Ilya Shapiro (of the Cato Institute) has an interesting post discussing the upcoming Supreme Court argument in United States v. Comstock. The Cato Institute has also filed a brief in support of the Respondent Comstock. You may read the brief here. From the post:
In
2006, Congress passed the Adam Walsh Child Protection and Safety Act.
One provision of the law authorizes the federal government to civilly
commit anyone in the custody of the Bureau of Prisons whom the attorney
general certifies to be “sexually dangerous.” The effect of such an
action is to continue the certified person’s confinement after the
expiration of his prison term, without proof of a new criminal
violation.
Six days before the scheduled release of Graydon Comstock — who had
been sentenced to 37 months in jail for receiving child pornography —
the attorney general certified Comstock as sexually dangerous. Three
years later, Comstock thus remains confined in a medium security
prison, as do more than 60 other similarly situated men in the Eastern
District of North Carolina alone.
Comstock and several others challenged their confinements as going
beyond Congress’s constitutional authority and won in both the district
and appellate courts. The United States successfully petitioned the
Supreme Court to review the case.
The government’s reliance on the Necessary and
Proper Clause of Article I, Section 8, is misplaced because that clause
grants no independent power but merely “carries into execution” the
powers enumerated elsewhere in that section.
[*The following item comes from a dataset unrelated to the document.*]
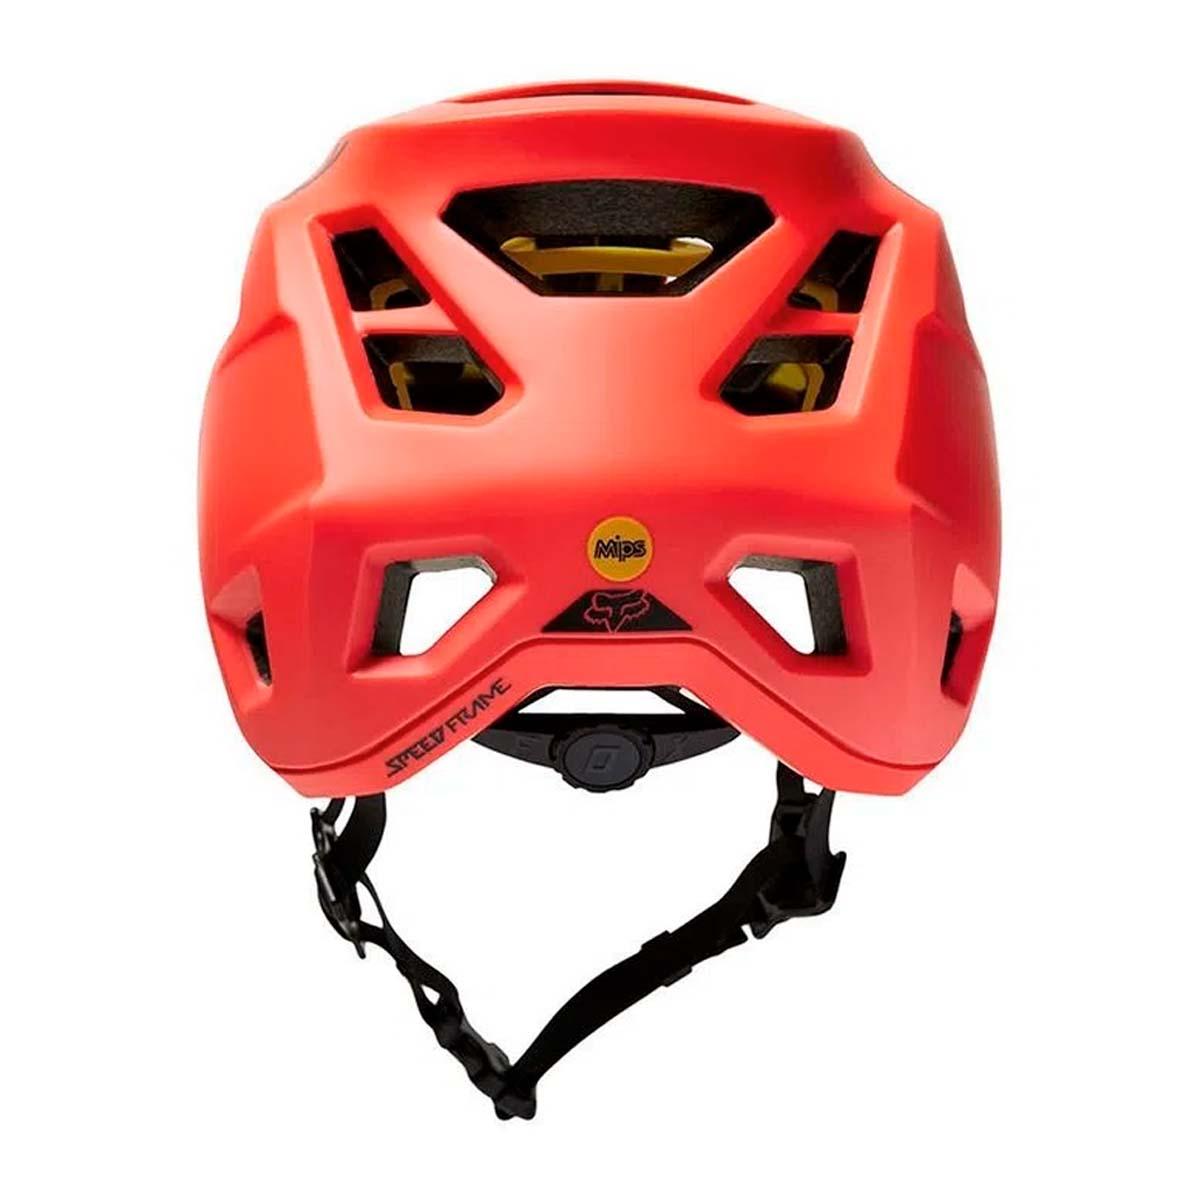 Capacete Fox Speedframe Laranja Com Mips Ciclismo 21
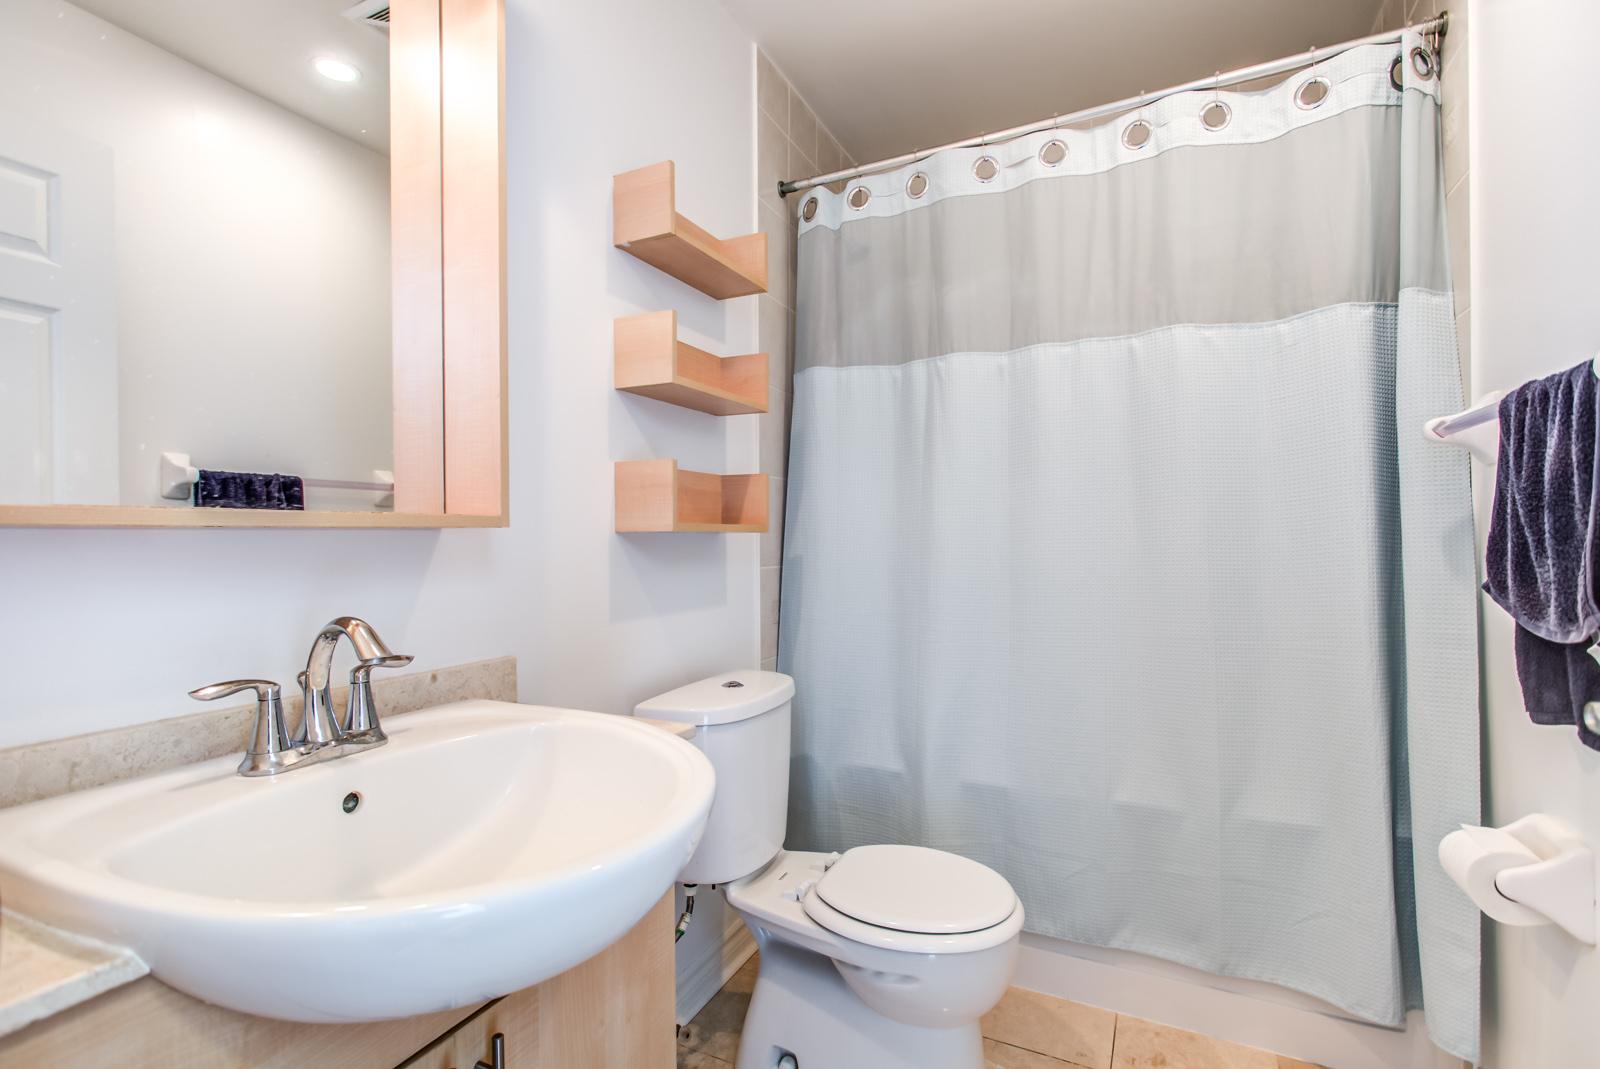 Unit 901 bathroom looking so beautiful and elegant.

The commitment of
prisoners after their terms simply is not one of the enumerated powers.
While the government justifies its actions by invoking its implied
power “to establish a federal penal system” — itself a necessary and
proper auxiliary to certain enumerated powers — civil commitment is
unrelated to creating or maintaining a penal system (let alone any
enumerated power). Nor can the law at issue fall under the Commerce
Clause, because civil commitment involves non-economic intrastate
activity.
I think the government's brief tries to take the Necessary and Proper Clause to places it should not go. However, I still think the government is going to win despite itself as the Court will choose a different rationale (with some Necessary and Proper Clause helping out) and uphold the statute. It is nice to see Cato writing a brief in the case as not many organizations are willing to write on behalf of a sex offender.